When you first connect to HDInsight, your SSH client may display a warning that the authenticity of the host can't be established. When prompted select 'yes' to add the host to your SSH client's trusted server list.

If you have previously connected to a server with the same name, you may receive a warning that the stored host key does not match the host key of the server. Consult the documentation for your SSH client on how to remove the existing entry for the server name.

SSH clients

Linux, Unix, and macOS systems provide the ssh and scp commands. The ssh client is commonly used to create a remote command-line session with a Linux or Unix-based system. The scp client is used to securely copy files between your client and the remote system.

Microsoft Windows doesn't install any SSH clients by default. The ssh and scp clients are available for Windows through the following packages:

  • OpenSSH Client. This client is an optional feature introduced in the Windows 10 Fall Creators Update.

  • Bash on Ubuntu on Windows 10.

  • Azure Cloud Shell. The Cloud Shell provides a Bash environment in your browser.

  • Git.

There are also several graphical SSH clients, such as PuTTY and MobaXterm. While these clients can be used to connect to HDInsight, the process of connecting is different than using the ssh utility. For more information, see the documentation of the graphical client you're using.

Authentication: SSH Keys

SSH keys use public-key cryptography to authenticate SSH sessions. SSH keys are more secure than passwords, and provide an easy way to secure access to your Hadoop cluster.

If your SSH account is secured using a key, the client must provide the matching private key when you connect:

  • Most clients can be configured to use a default key. For example, the ssh client looks for a private key at ~/.ssh/id_rsa on Linux and Unix environments.

  • You can specify the path to a private key. With the ssh client, the -i parameter is used to specify the path to private key. For example, ssh -i ~/.ssh/id_rsa sshuser@myedge.mycluster-ssh.azurehdinsight.net.

  • If you have multiple private keys for use with different servers, consider using a utility such as ssh-agent (https://en.wikipedia.org/wiki/Ssh-agent). The ssh-agent utility can be used to automatically select the key to use when establishing an SSH session.

Important

If you secure your private key with a passphrase, you must enter the passphrase when using the key.
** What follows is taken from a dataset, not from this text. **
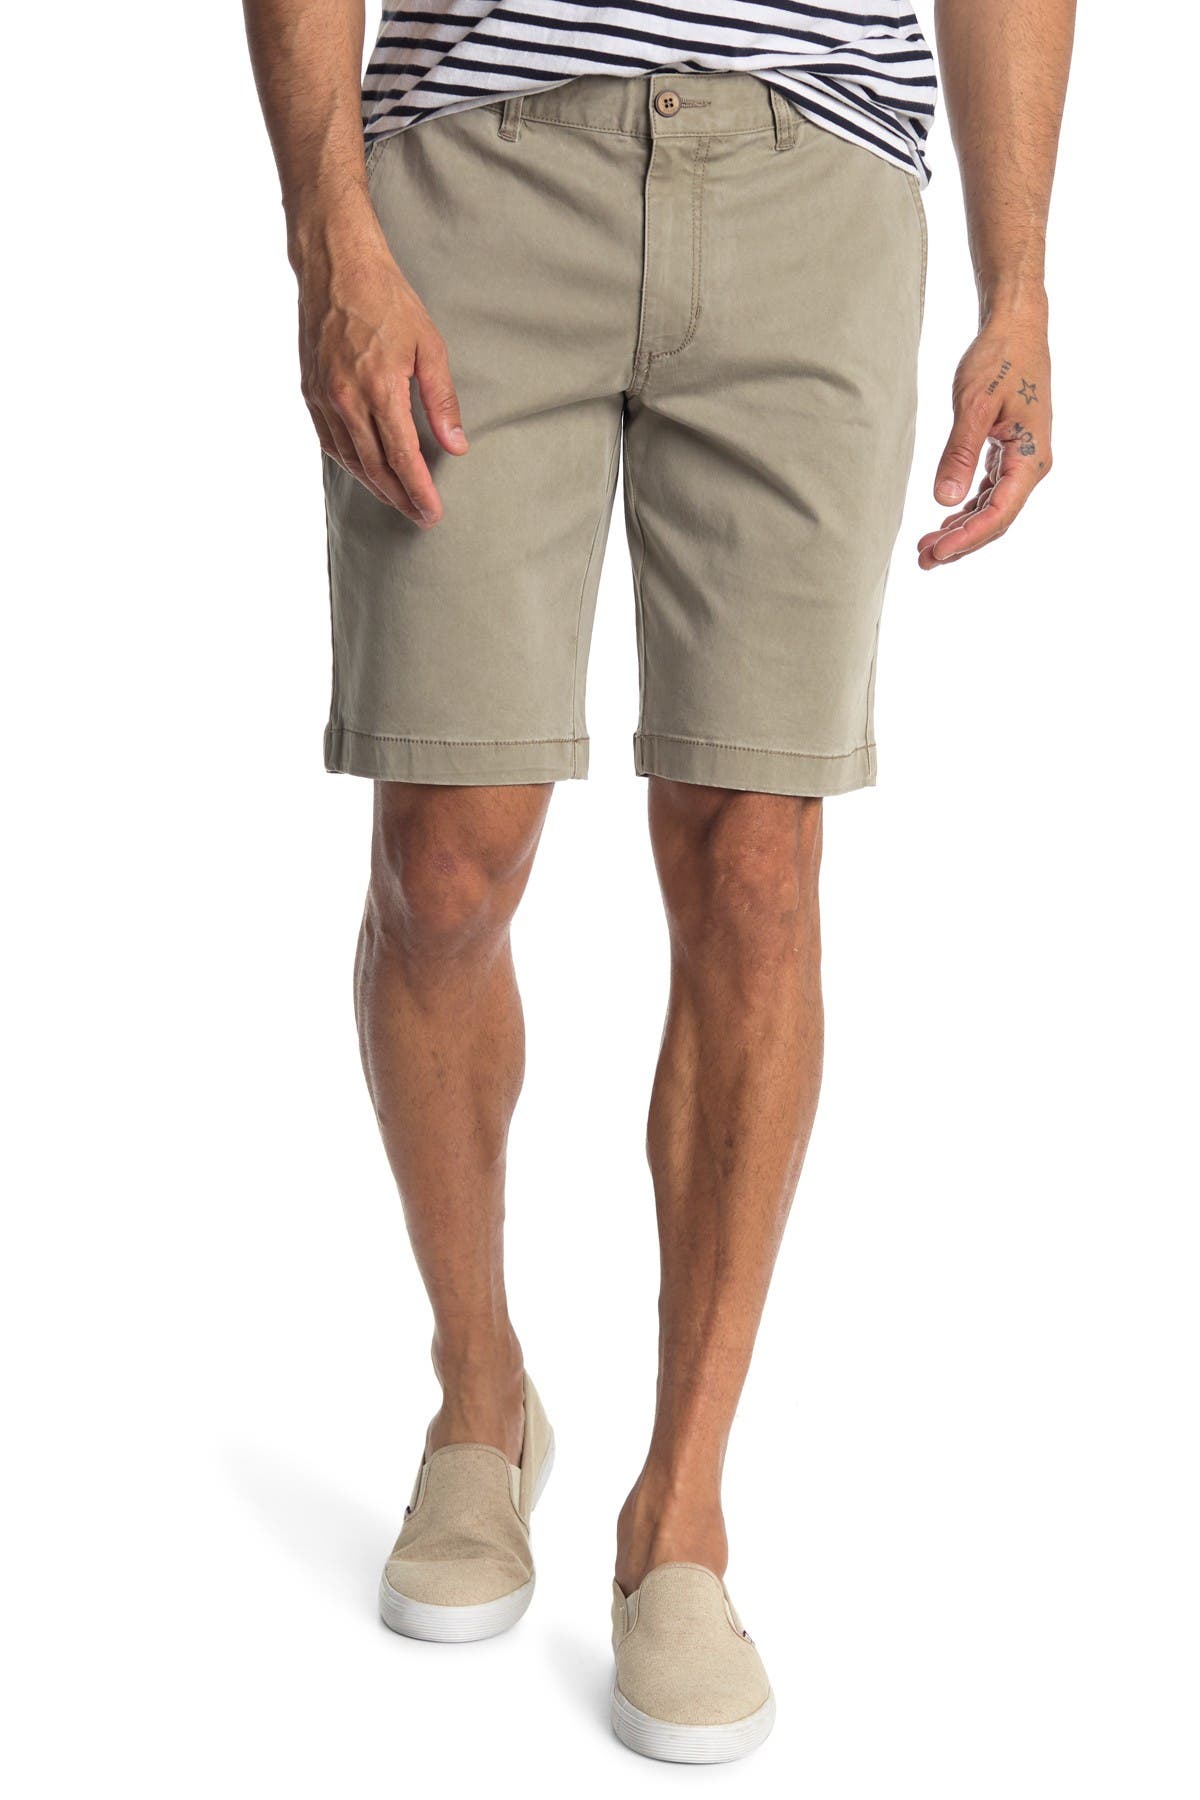 boracay shorts

Utilities such as ssh-agent can cache the password for your convenience.

Create an SSH key pair

Use the ssh-keygen command to create public and private key files. The following command generates a 2048-bit RSA key pair that can be used with HDInsight:

You're prompted for information during the key creation process. For example, where the keys are stored or whether to use a passphrase. After the process completes, two files are created; a public key and a private key.

  • The public key is used to create an HDInsight cluster. The public key has an extension of .pub.

  • The private key is used to authenticate your client to the HDInsight cluster.

Important

You can secure your keys using a passphrase. A passphrase is effectively a password on your private key. Even if someone obtains your private key, they must have the passphrase to use the key.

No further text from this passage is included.